Supplied information:
**********

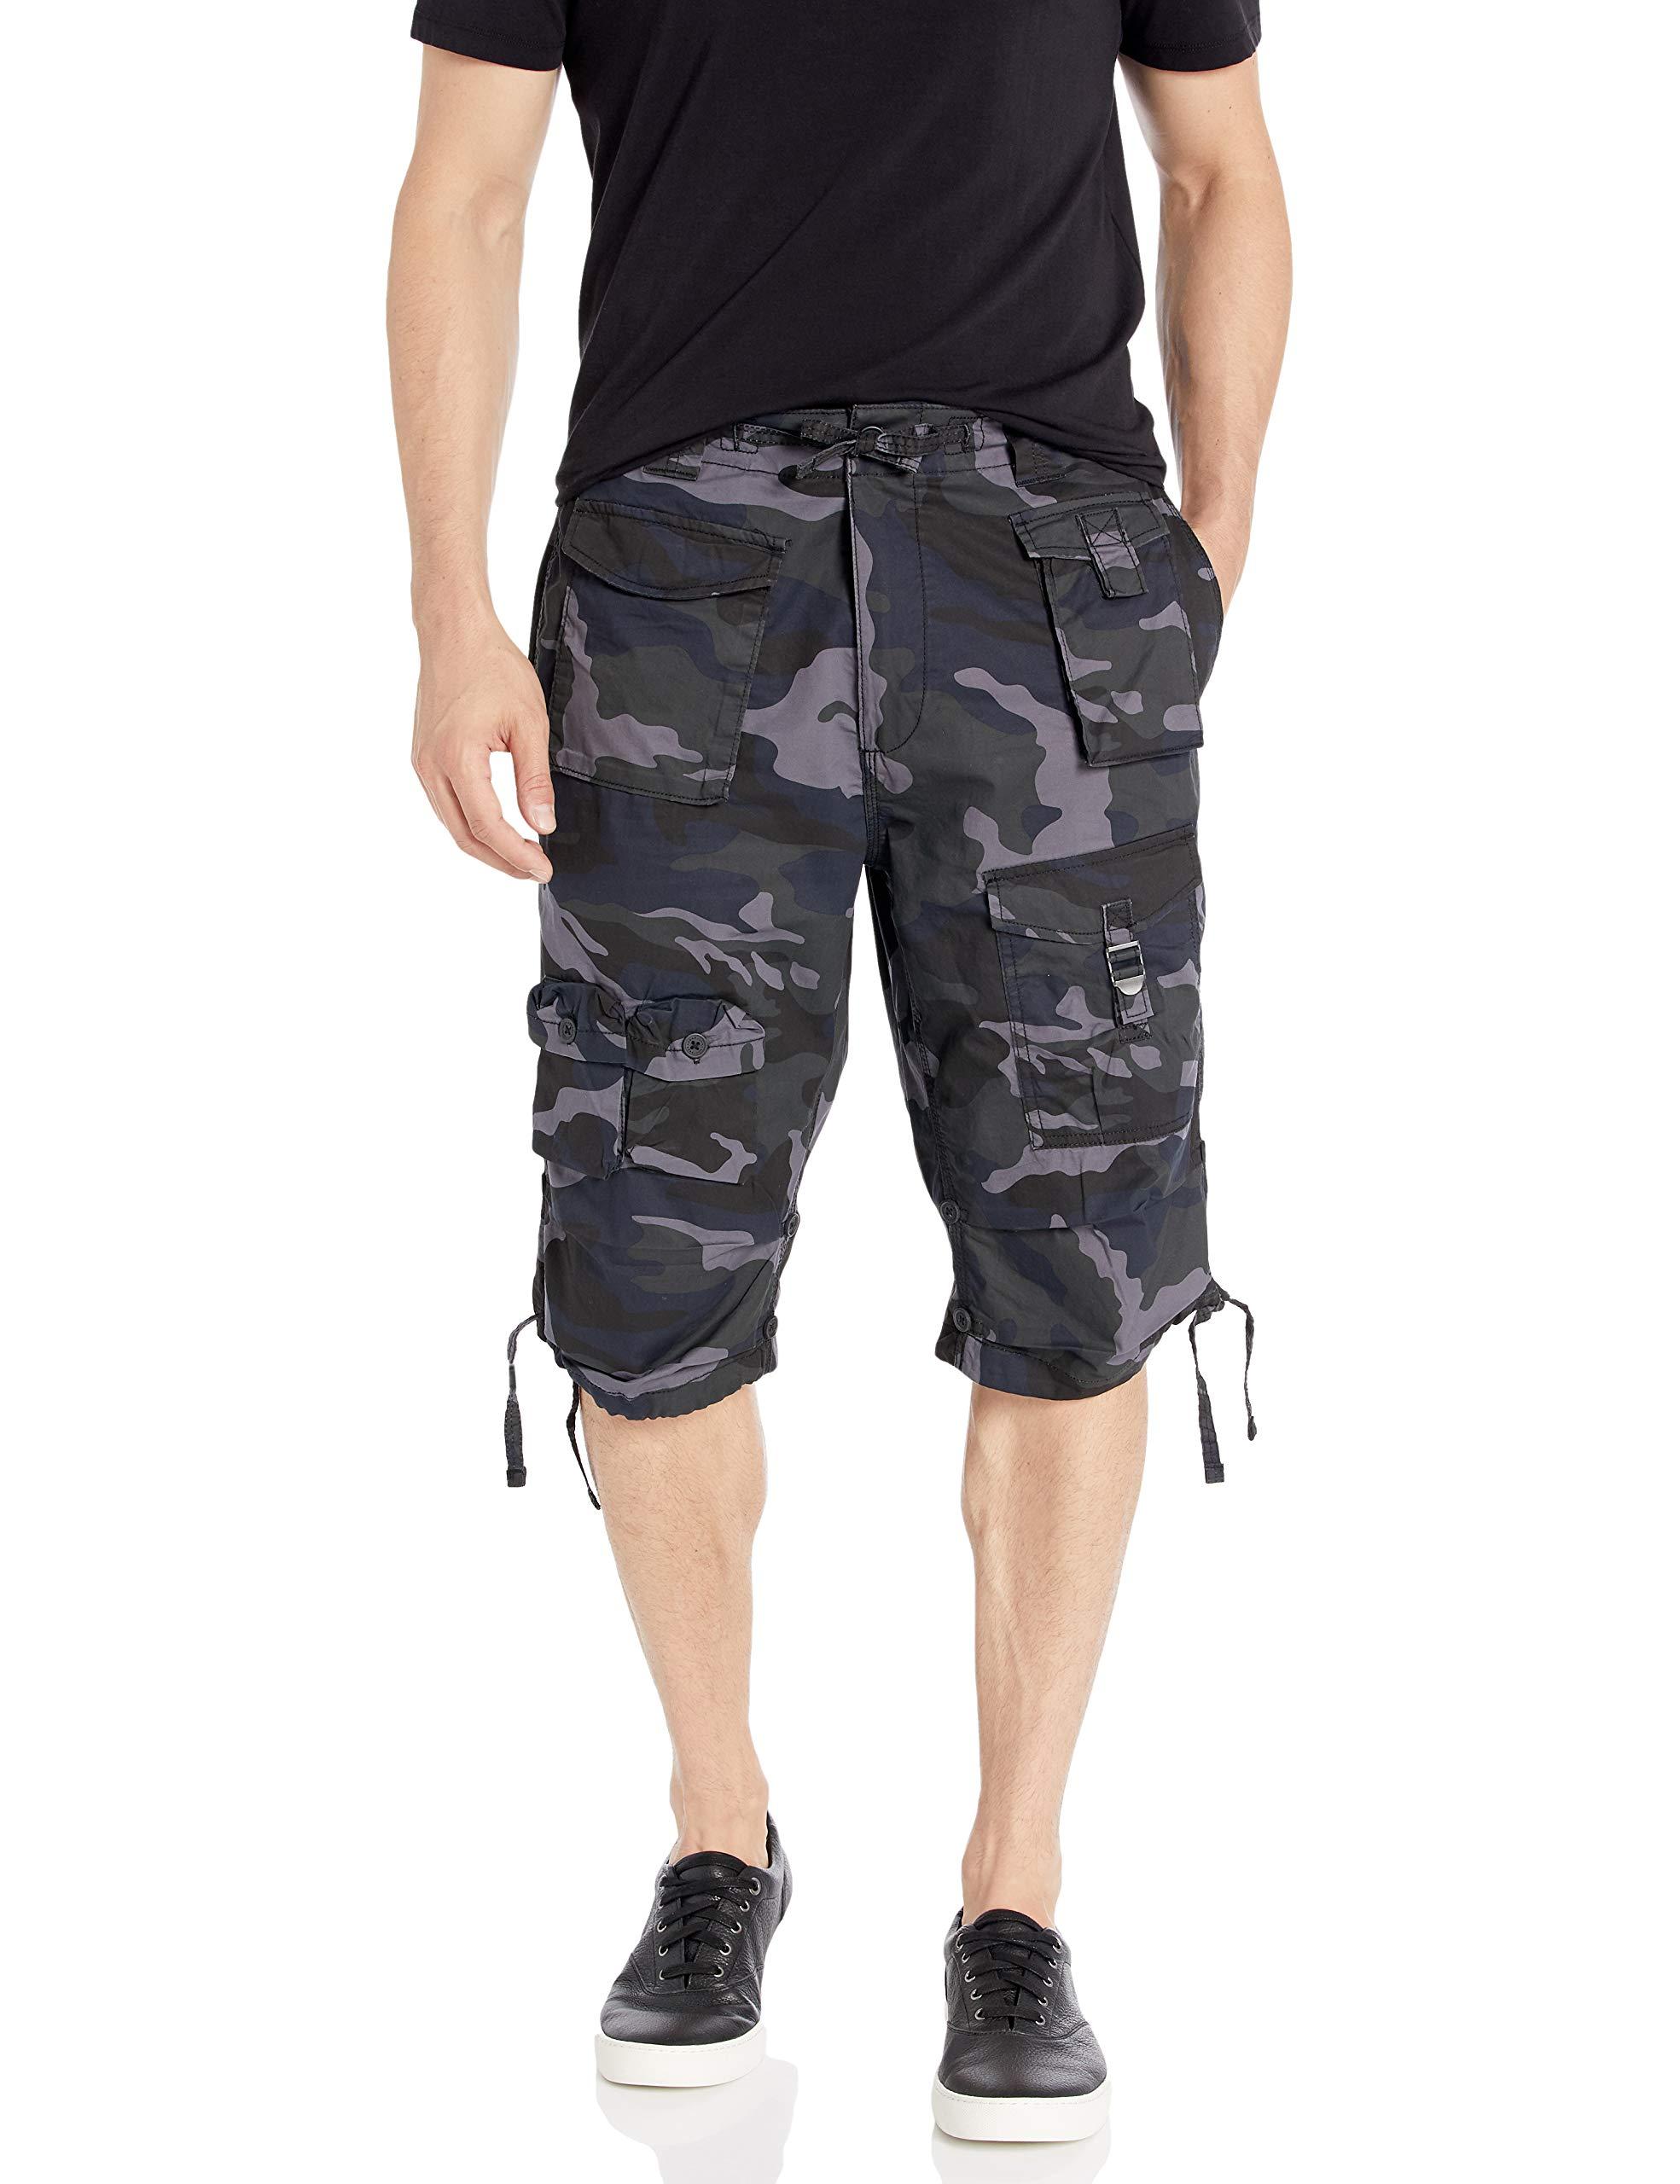 Hakjay Black Long Cargo Shorts for Men Size 40
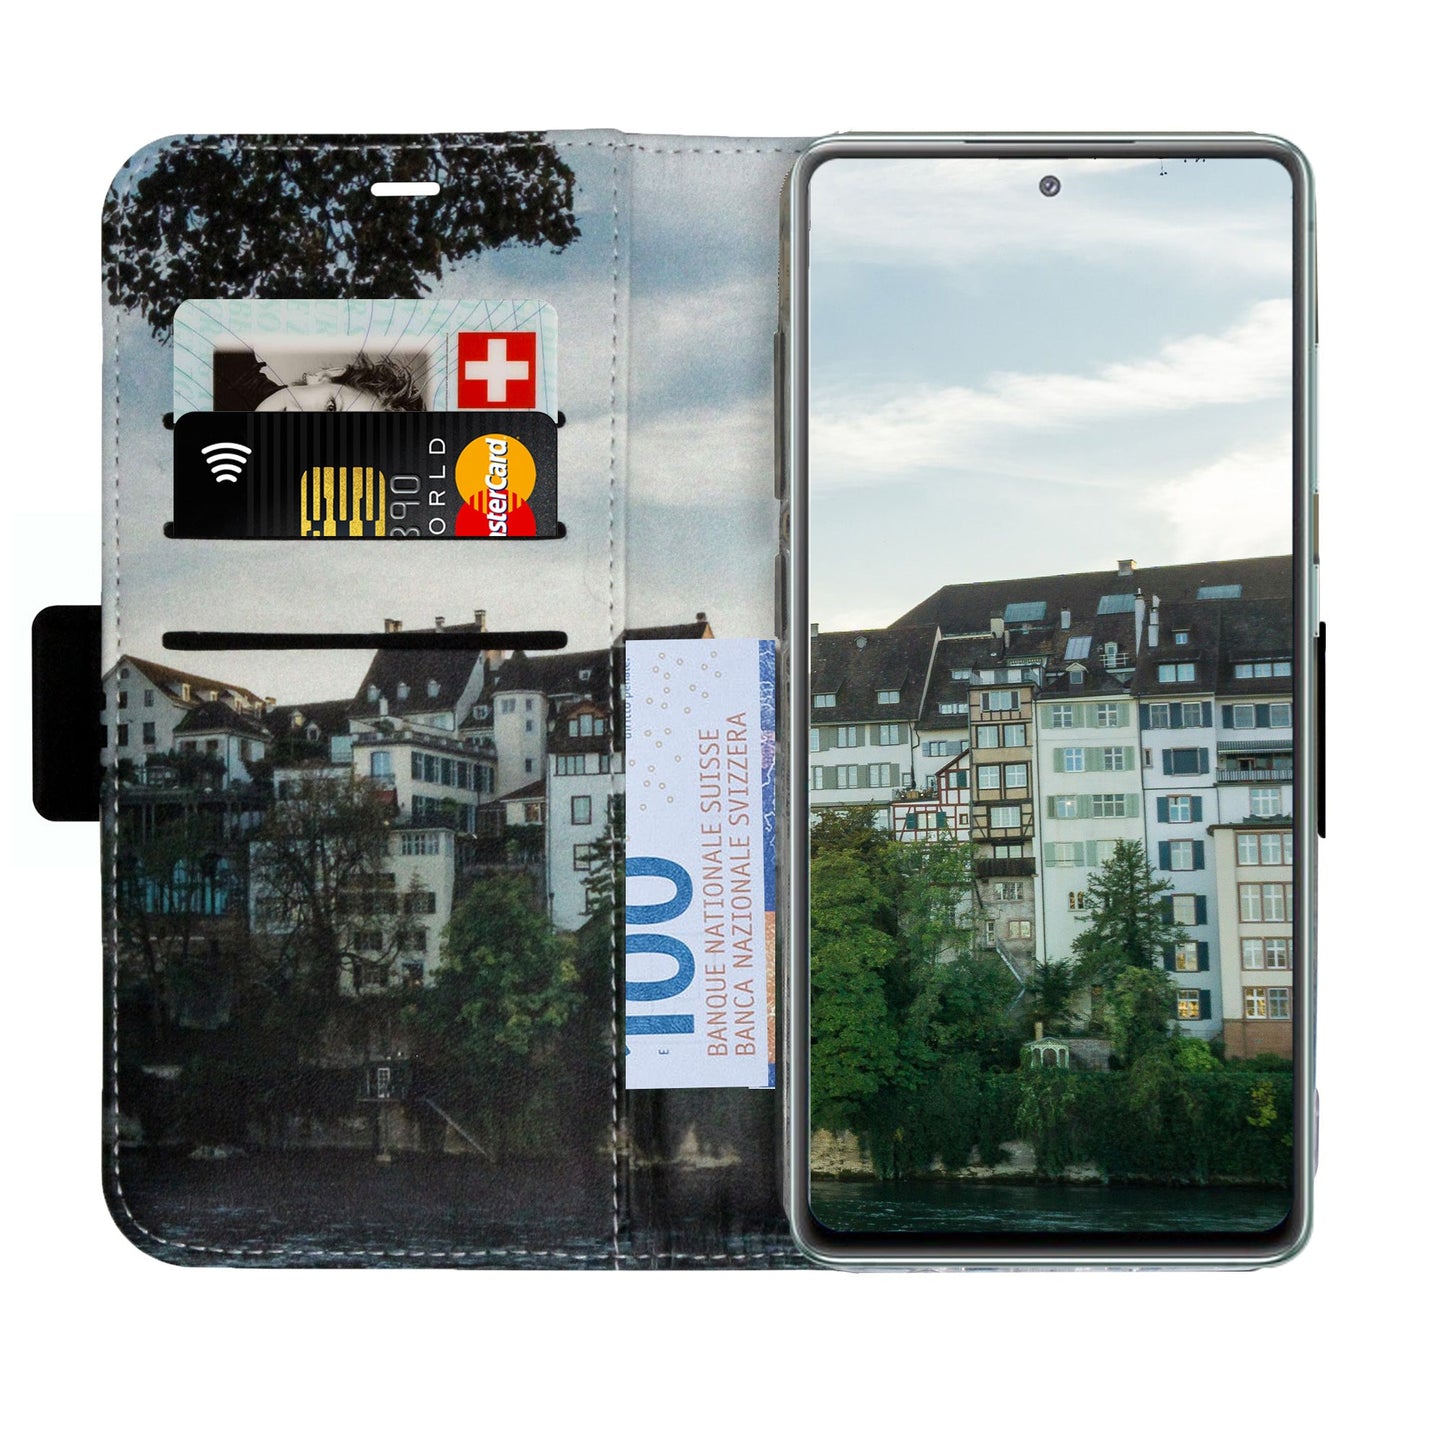 Coque Basel City Rhin Victor pour Samsung Galaxy S20
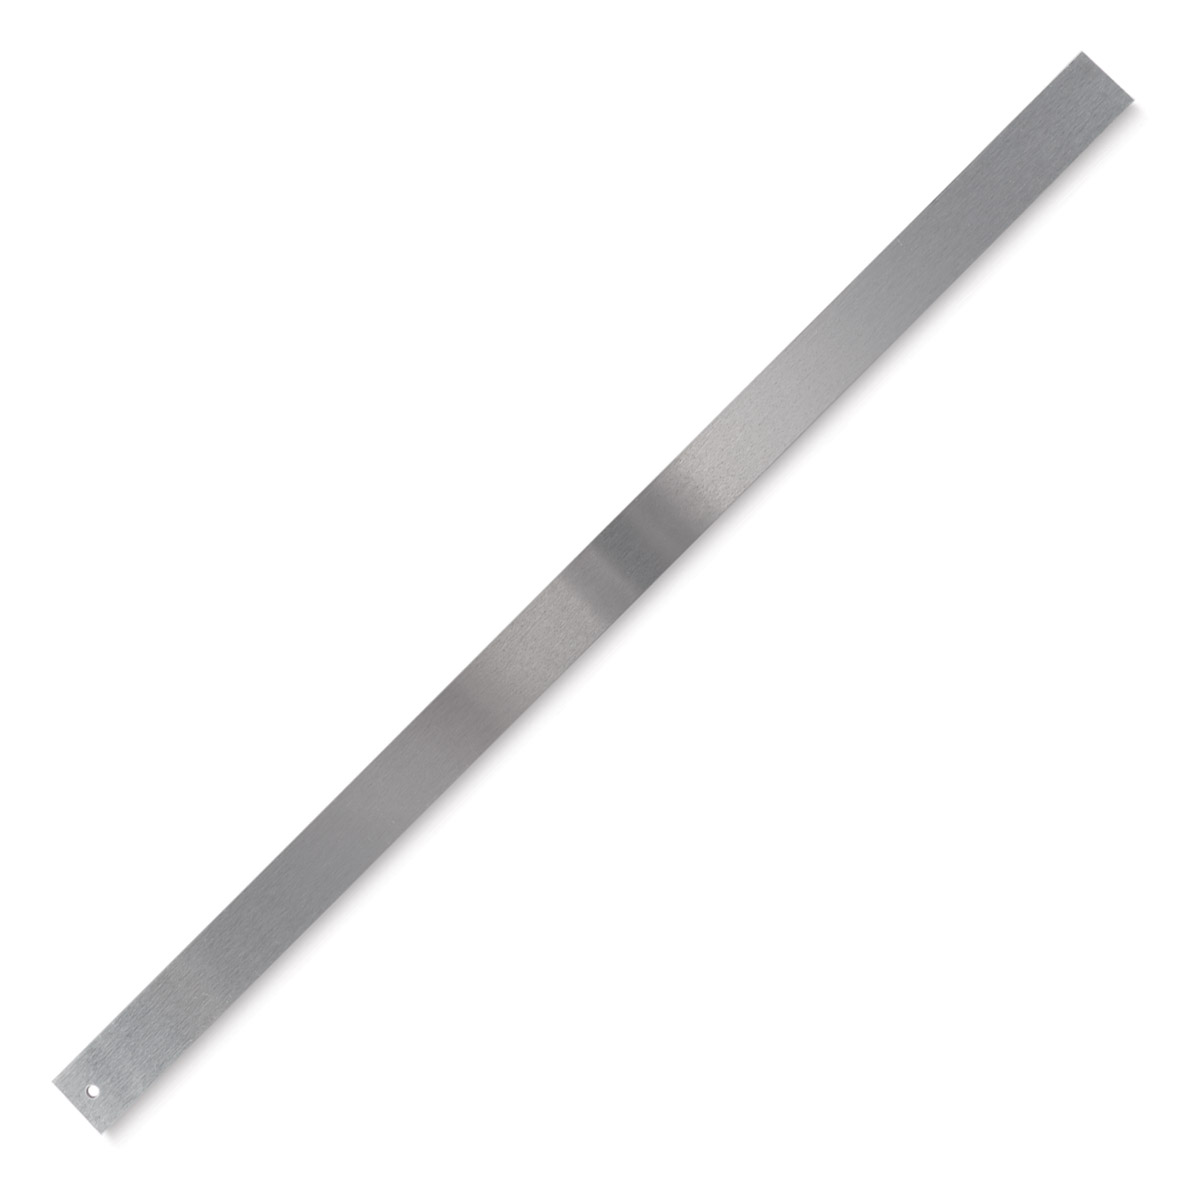 FAIRGATE Aluminum Yard Stick Ruler - 36

**********

What the task requires: Reproduce word for word only the lines between the line containing "Coque Basel City" and the end of the listing above, both included, and drop any pictures.

Task solution:
 Coque Basel City Rhin Victor pour Samsung Galaxy S20
 FAIRGATE Aluminum Yard Stick Ruler - 36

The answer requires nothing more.